→ GOAL OF THE EXERCISE: Reproduce all of the data exactly. Images are not to appear in the reply.

*** Opening DATA SHOWN ***

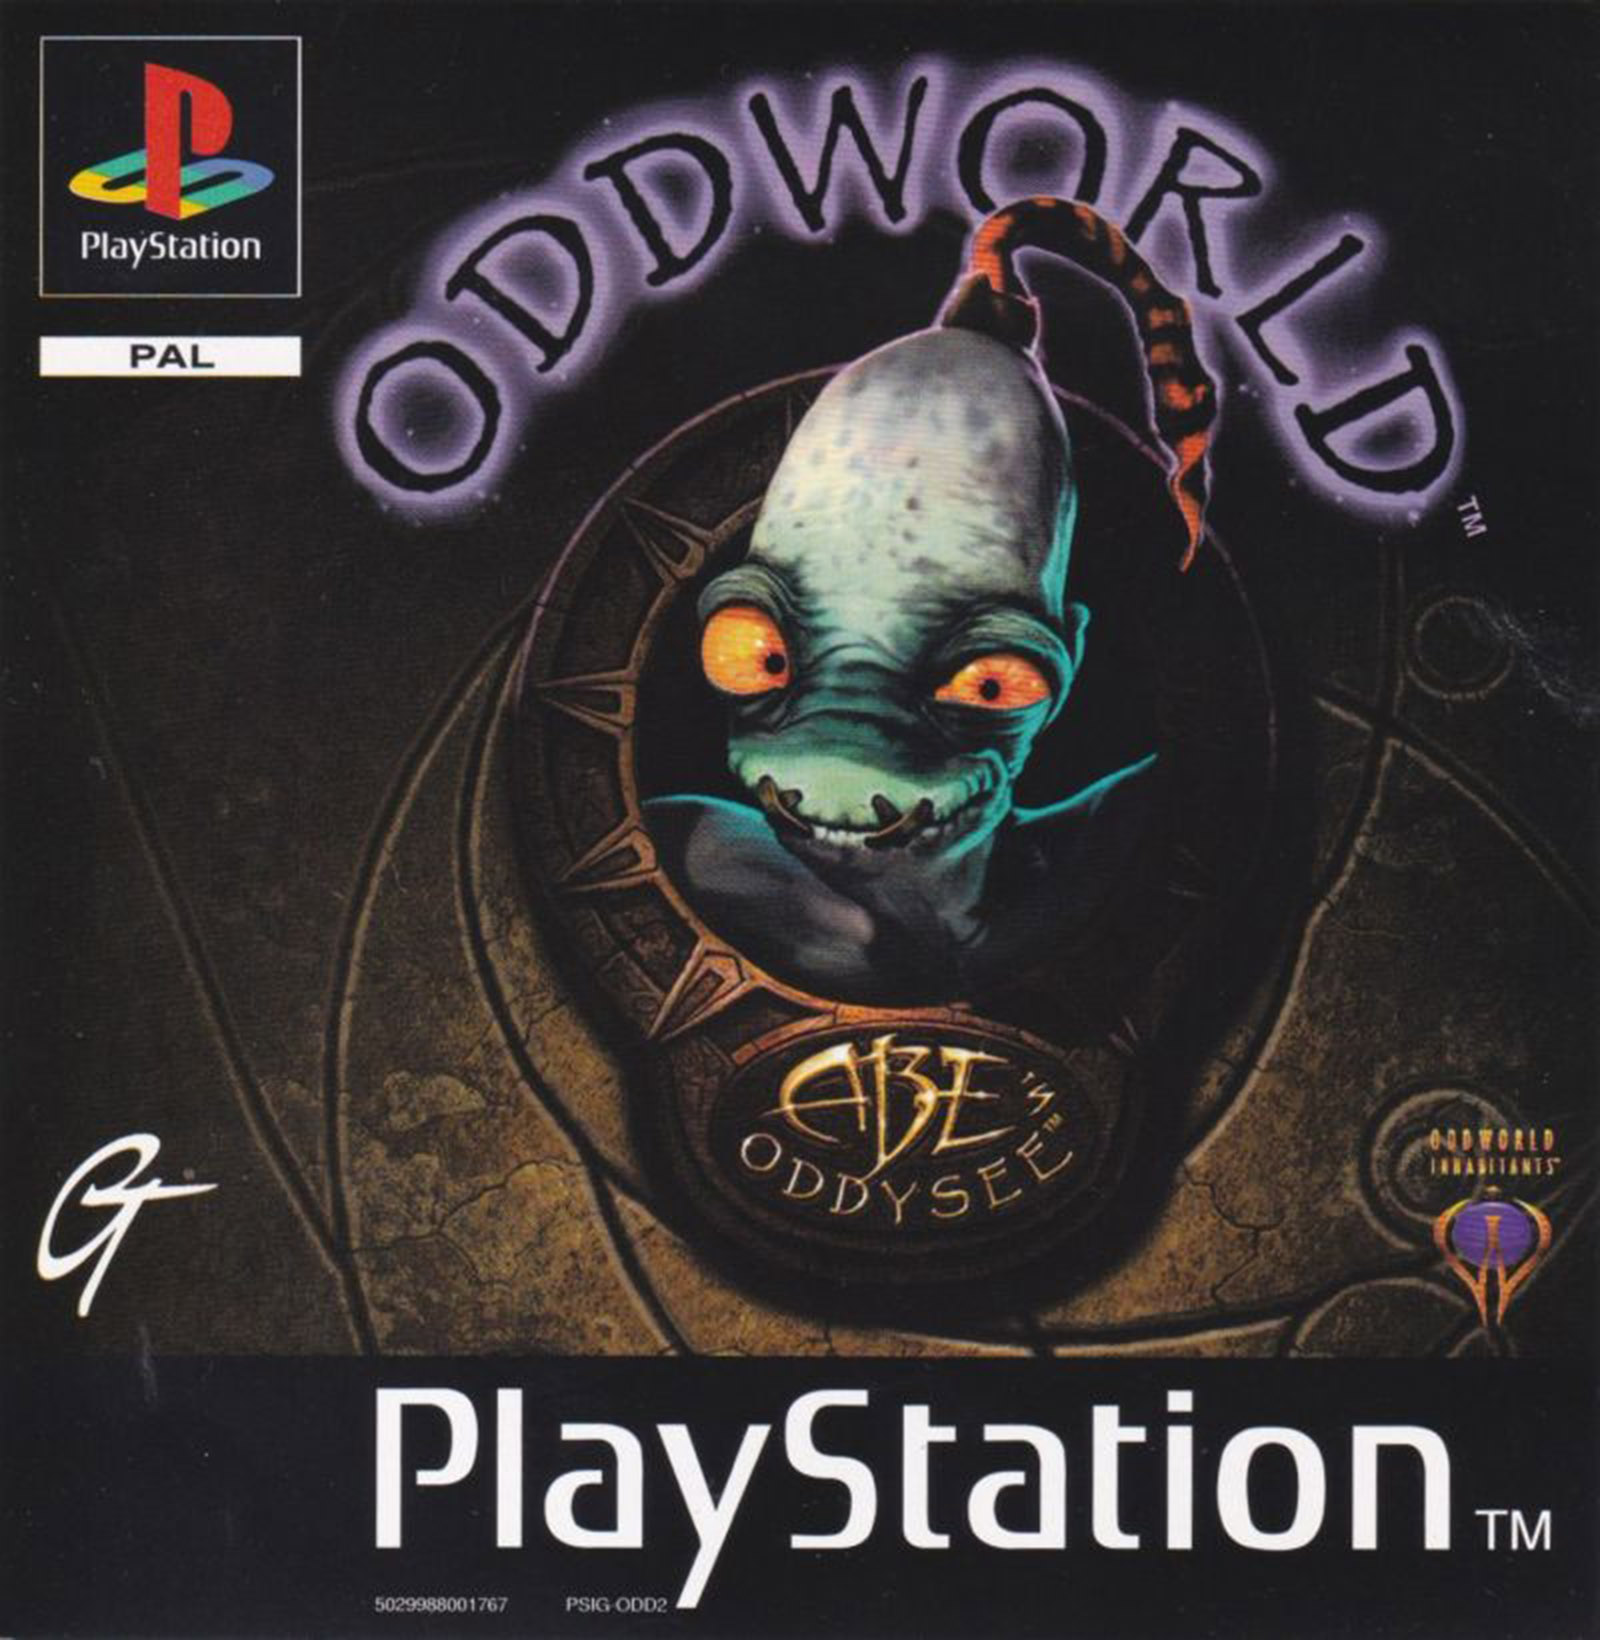 Oddworld - Abe's Oddysee PSX cover
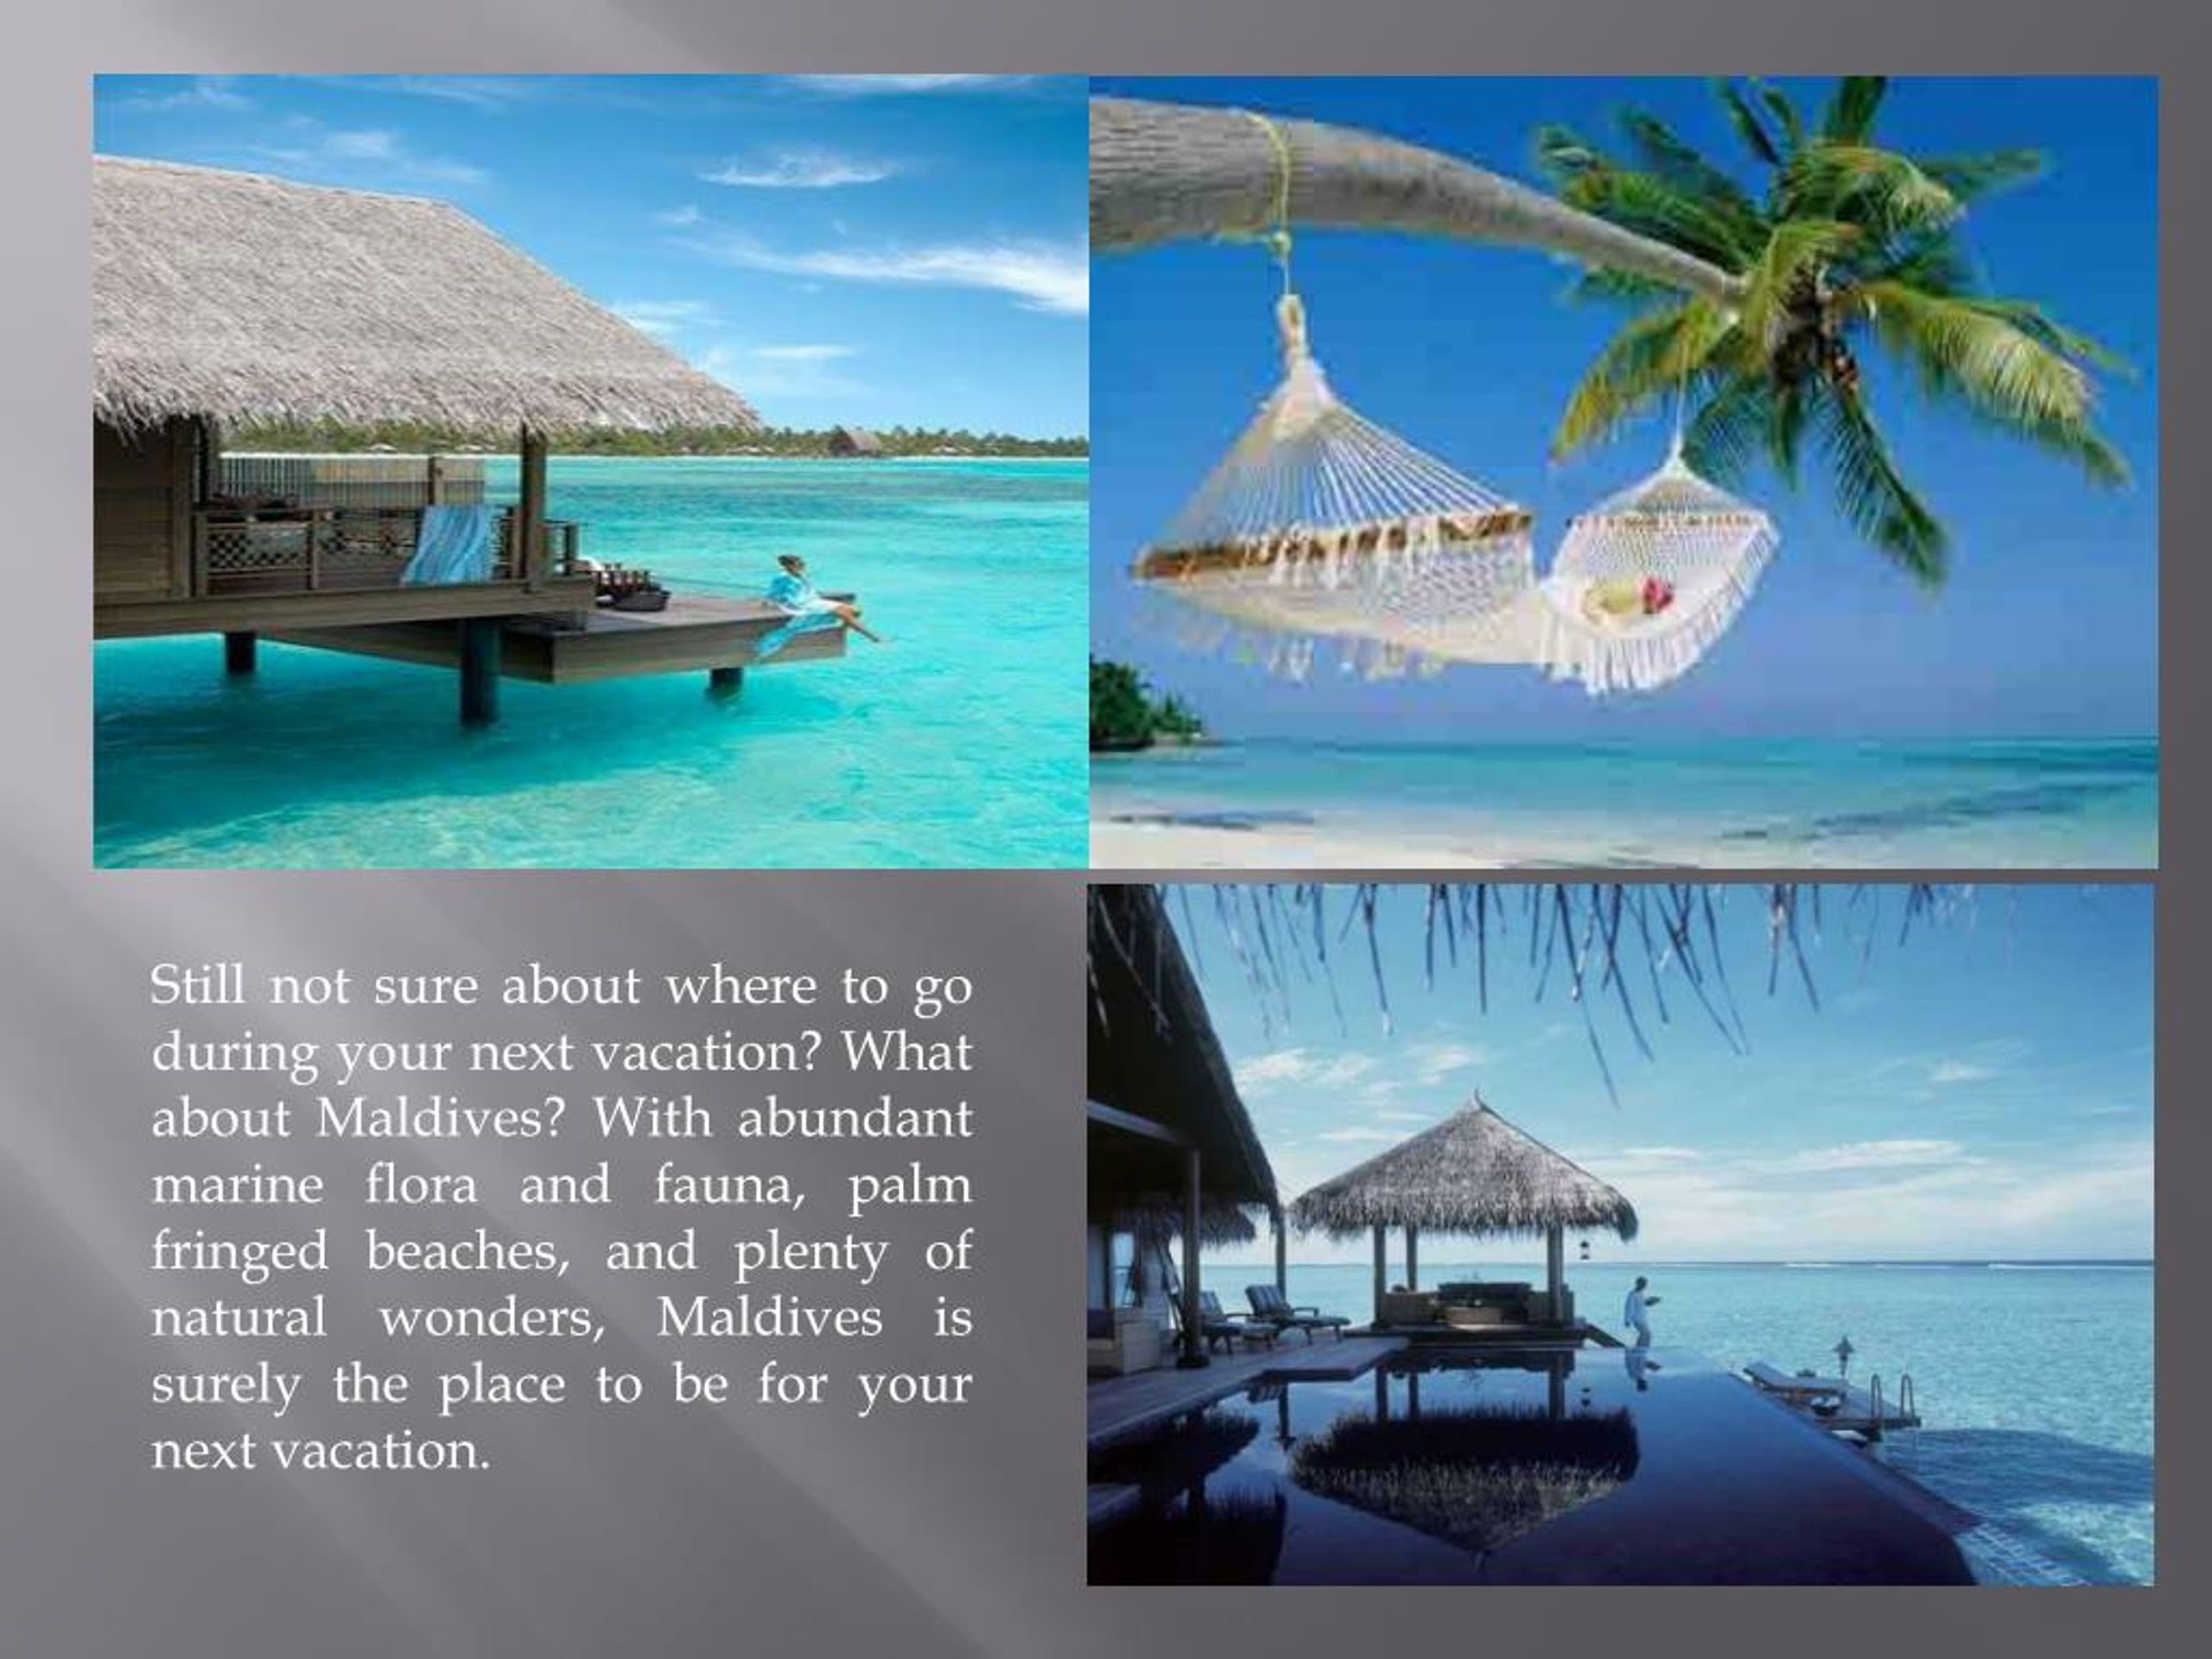 maldives presentation
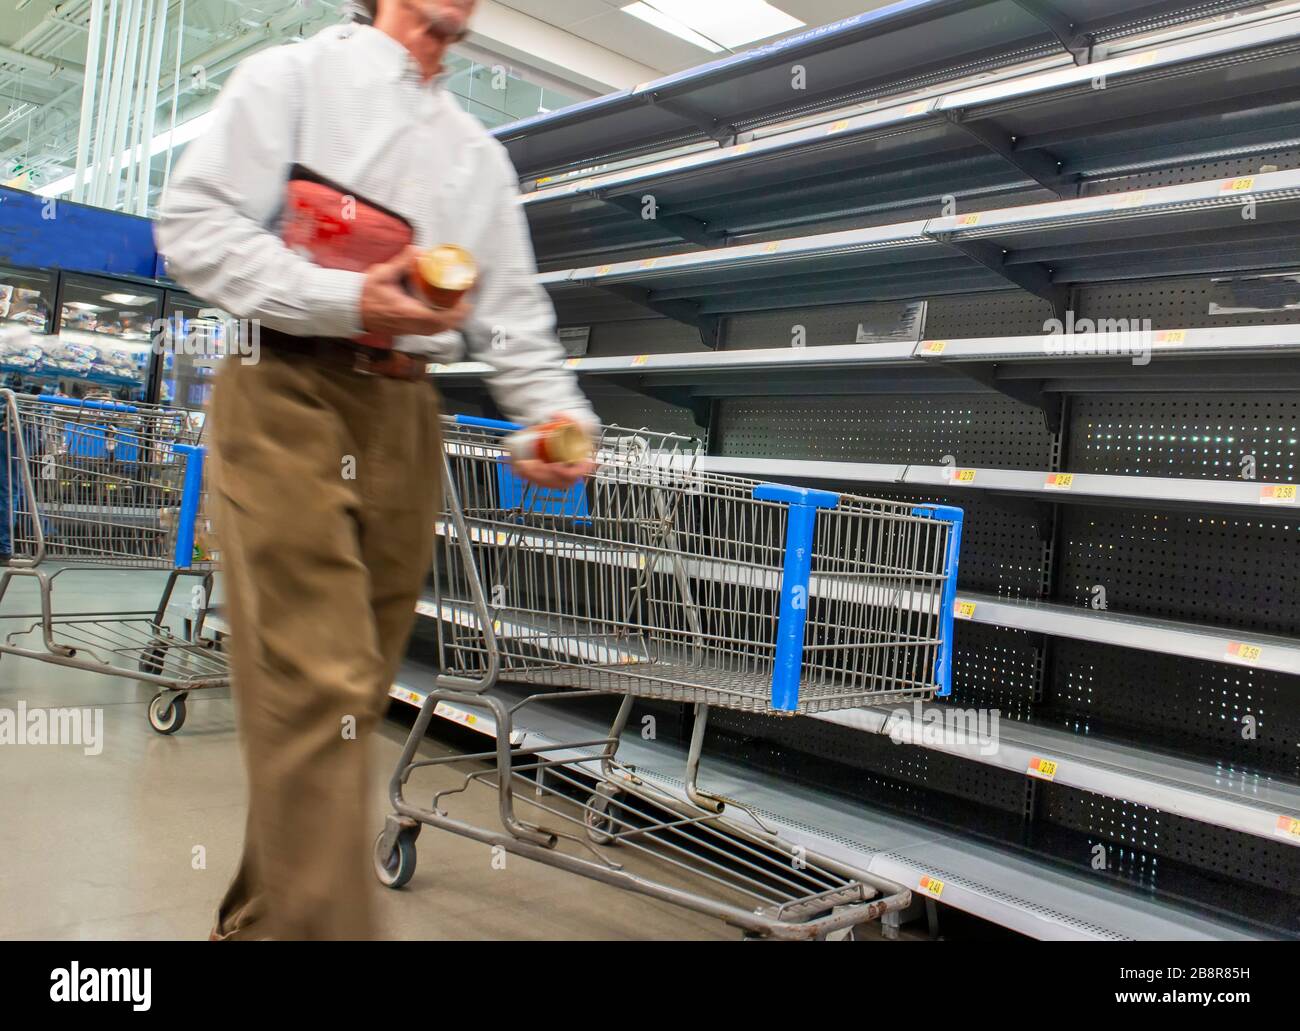 Coronavirus related sign rationing food at a supermarket Stock Photo
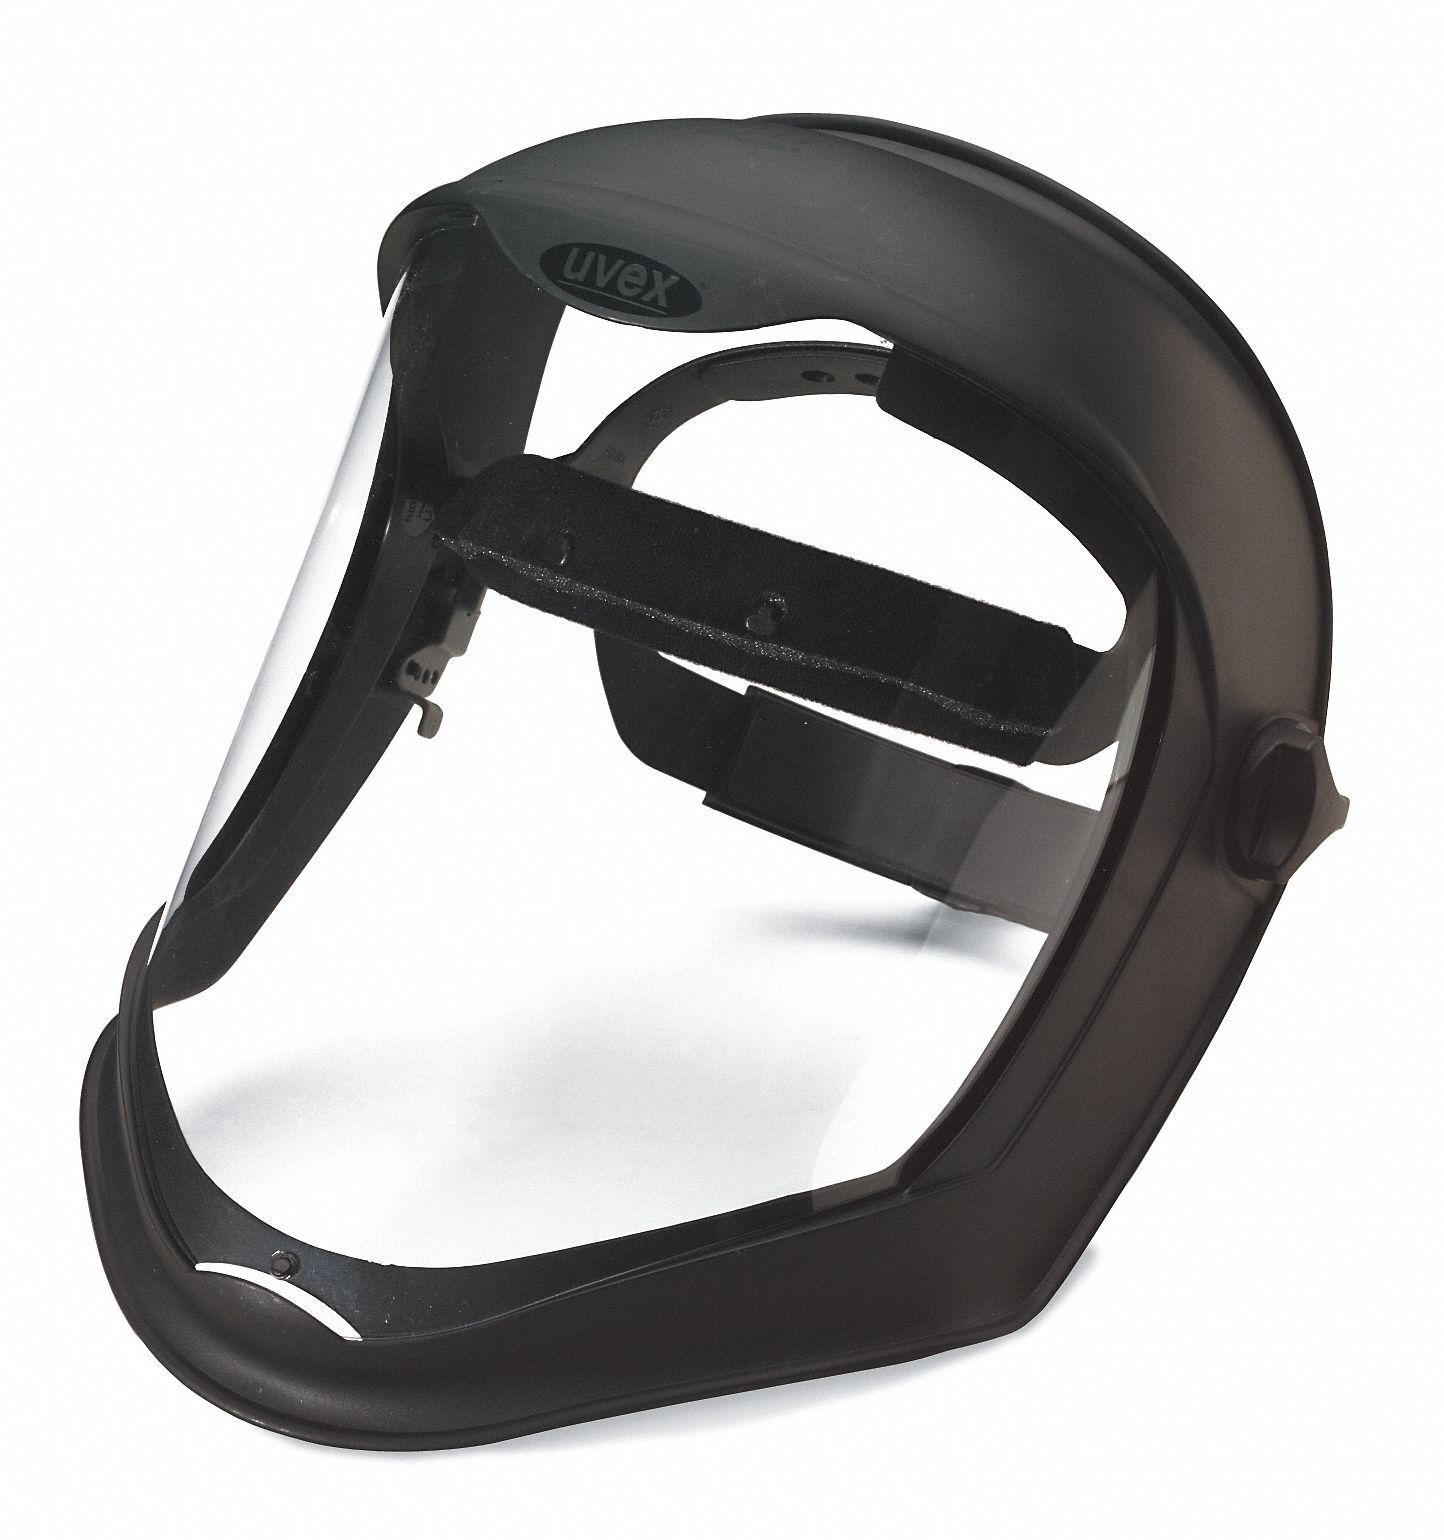 Clear Uvex by Honeywell Bionic Faceshield Visor Anti-Fog/Hardcoat #S8555

*** Closing DATA SHOWN ***

→ RESPONSE:
 Oddworld - Abe's Oddysee PSX cover
 maldives presentation
 Coronavirus related sign rationing food at a supermarket Stock Photo
 Clear Uvex by Honeywell Bionic Faceshield Visor Anti-Fog/Hardcoat #S8555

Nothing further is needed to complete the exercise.